# How many angelfish?



## Zoe (Feb 26, 2006)

How many angelfish can one keep in a 50gallon tank? Is 3 too many or too few?

Thanks


----------



## meyerhaus (Feb 27, 2006)

3 is a good number. I would say that you could keep up to 6 in a 50 gallon...just my humble opinion. I have 4 in a 30XH (24x12x24) and they are growing spawning and having a grand ole time.


----------



## violet (Mar 17, 2006)

I've seen some huge nearly dinner plate FW angels that might have to make a 3 point turn to turn around in a 50G. LOL! I have some very sadly stunted angels and since nothing seems to be able to reverse the stunting, even a little, you could fit 20 of them in a 50G. 

I agree with what meyerhaus said. And it's hard to go wrong with roughly 10G per angel.


----------



## Guest (Jul 10, 2006)

I'll "third" that opinion. I have 5 angels in my 55, and could easily see room for one more. They aren't full-grown yet, but I've had plenty that are and they have done just fine.

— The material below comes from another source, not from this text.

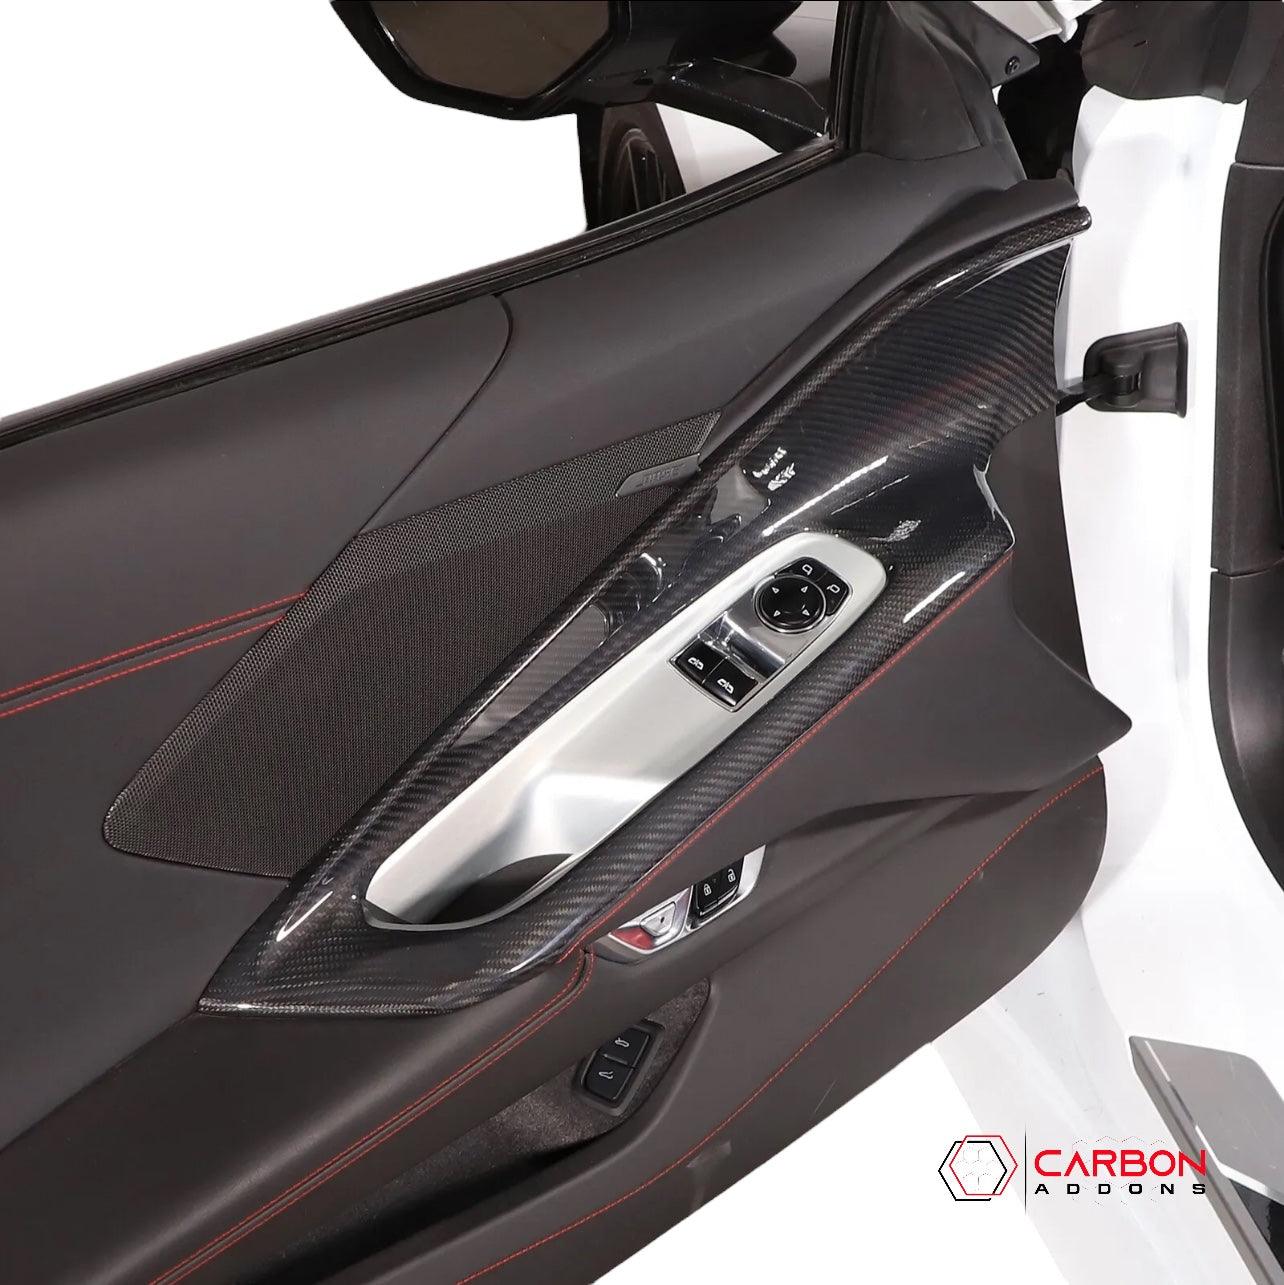 [2pcs Set] C8 Corvette 2020+ Real Carbon Fiber Window Switch Outer Trim Panel Frame Cover - carbonaddons Carbon Fiber Parts, Accessories, Upgrades, Mods

In my experience, angels tend to get a tad aggressive as they get larger, so having larger numbers (like 5 or 6) will help spread out the aggression.

I'm assuming you have scalare angels, not altum, 'cause those are a whole different story. :lol:


----------



## Guest (Jul 10, 2006)

I'll be the one to say that angels get huge, as you all know. They can make a tank look tiny! I have 3 angels in my 55g, only one is around 6 inches tall...the others are only about 3 inches tall. I'm now thinking that I should have only put one in there. My big angel takes up a good amount of room, and I can't imagine how all three will look when they get full grown.

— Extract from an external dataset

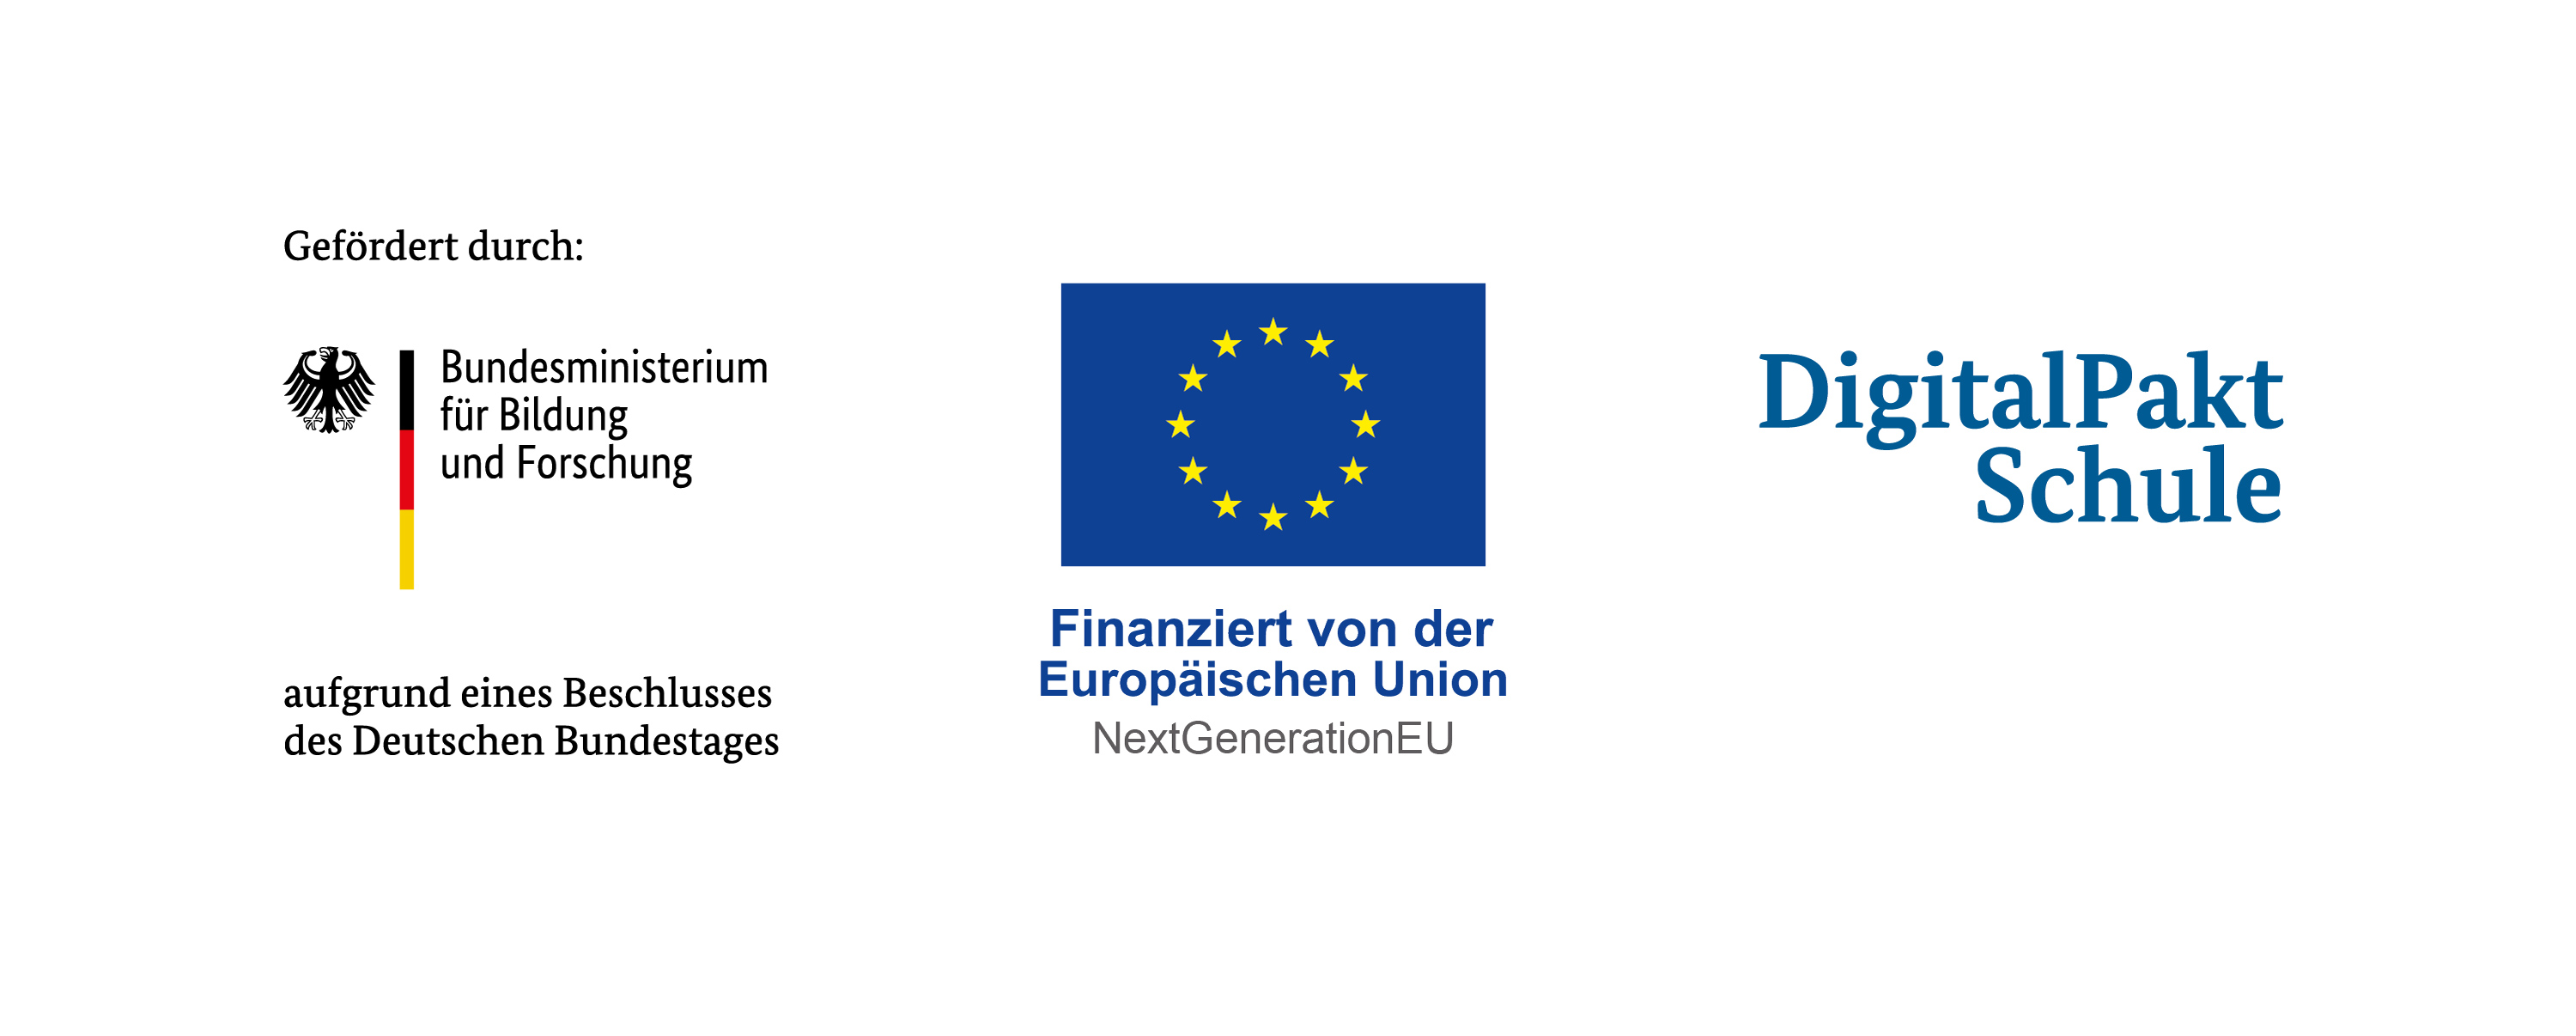 Drei Logos auf weißem Hintergrund: Gefördert durch Bundesministerium für Bildung und Forschung, finanziert von der Europäischen Union, DigitalPakt Schule

I recommend you get maybe 3 to start with. Then if you feel you need more, get more. I think with 3 in a 50g, you'll be satisfied. They get huge, just to remind you again. If they only stayed as small as they are when you get them, it would be great.


----------



## Damon (Jan 18, 2005)

I think 3 is a bad number. It allows for 2 to bully the third. I know people who have lost discus and angels this way. I'd shoot for 5.


----------



## Guest (Jul 10, 2006)

I agree with simpte about not just having 3 in a tank. I'd only get 4 of them that way you only have to return or rehome 2 of the angels. As I have been told that once a pair is formed that almost all of the time the pair won't tolerate any other angels.


----------